Close

On Sept. 14, 2018, members of the Frances Beal Society (myself among them) and the Human Development Emancipation and Activism Taskforce staged a demonstration outside the University Downtown Center (UDC). At the time, the UDC was closed to the public early for what was ostensibly a community gala or fundraiser; the irony of such a scenario was made manifest when a student, seeking to enter the UDC to study there, was turned away at the door.

We were there to demand the removal of Laura Bronstein, the dean of the College of Community and Public Affairs (CCPA), who has created a hostile environment for both students of color and all faculty. We also demanded knowledge of where the funds raised at the gala were going, and of where the $1 million in “payments in lieu of taxes” (PILOTs) were going toward. The latter two issues are that of basic transparency that every member of this community has the right to know. Moreover, the Binghamton community should know of, and have control over, its own resources.
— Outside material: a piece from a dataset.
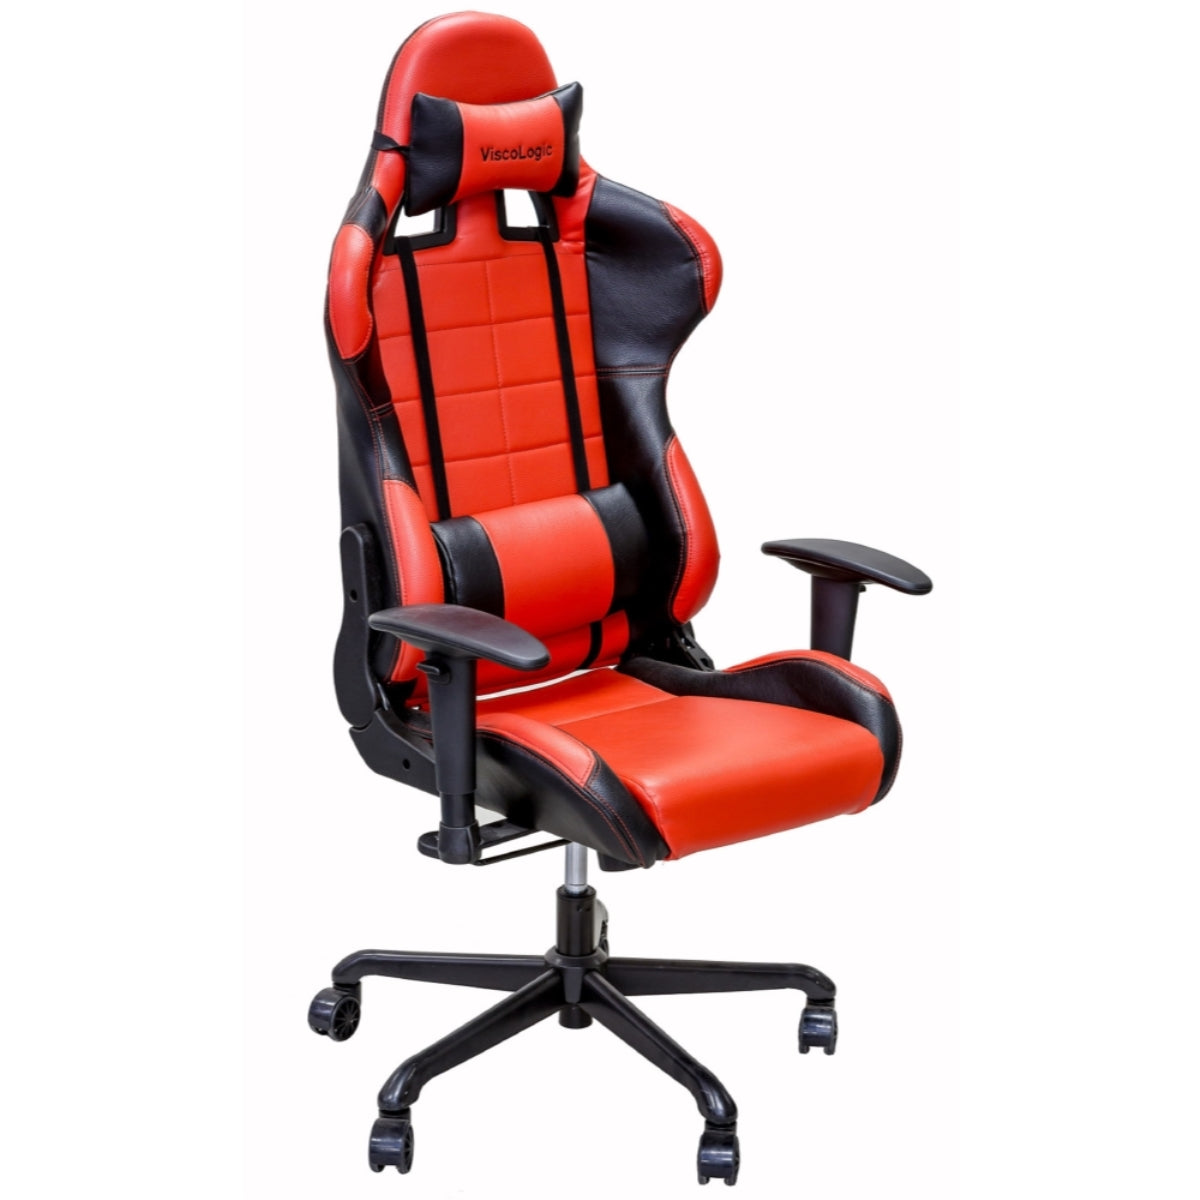 ViscoLogic  CAYENNE Ergonomic Metal Frame Gaming Racing Style Swivel Home Office Gaming Chair

We must first clarify what PILOTs are, in this context. As a public university, Binghamton University does not pay local taxes to the city of Binghamton. In lieu of those taxes, it is supposed to pay a sum of money referred to as PILOTs toward community investment. As such, it would make sense for the community at large to decide where this money — the $1 million in PILOT funds — goes.

Ostensibly, this is what is happening with the Town-Gown Advisory Board, which was created after the University tried and failed to impose a $1 million “blue-light call box” initiative whose stated purpose was to make students safer (though its effect would more than likely have been the exacerbation of overpolicing in the city at large), stopped by protests by the Frances Beal Society and its allies. But that is not what is happening.

For one thing, who are the board members? In my research for this column, I could find no answer to such a question. We do not know who the members are, or their associations. We do not know whether the board is composed more of community organizations or more of businesses and real estate developers. Why should the University keep this from us, if it wants this to be a transparent process?

Furthermore, the Town-Gown Advisory Board is just — advisory. The University has no obligation to pursue and fund any proposal it agrees on, if it makes proposals at all. The board, in its most recent meeting, had only proposed $85,000 worth of the $1 million in PILOTs. To put that in scale, that’s only 8.5 percent of the total sum. We simply do not know what the other 91.5 percent of the money is going toward. This is completely and utterly unacceptable.

It is apparent that the University has both a transparency problem and a problem with the Binghamton community, problems they aren’t currently interested in solving. Thirteen days after the gala, we still do not know what specific initiatives are being funded with the money raised there. And the Town-Gown Advisory Board seems to be little more than a diversion. To solve these problems, we must involve the greater community of Binghamton proper.

To that end, the University should do the following: It should hold at least three town halls and invite community organizations that make a tangible difference for the better in the lives of the people of this community, and work for the many, not the few. The first would be an open discussion of ideas regarding where the PILOTs may go. The second would narrow down those ideas. And the third would consist of a supermajority vote deciding which ideas are funded, and how to allocate those funds. These town halls would exist to make the idea of community control over community resources manifest. It would certainly be about time.

Jacob Hanna is a junior majoring in economics.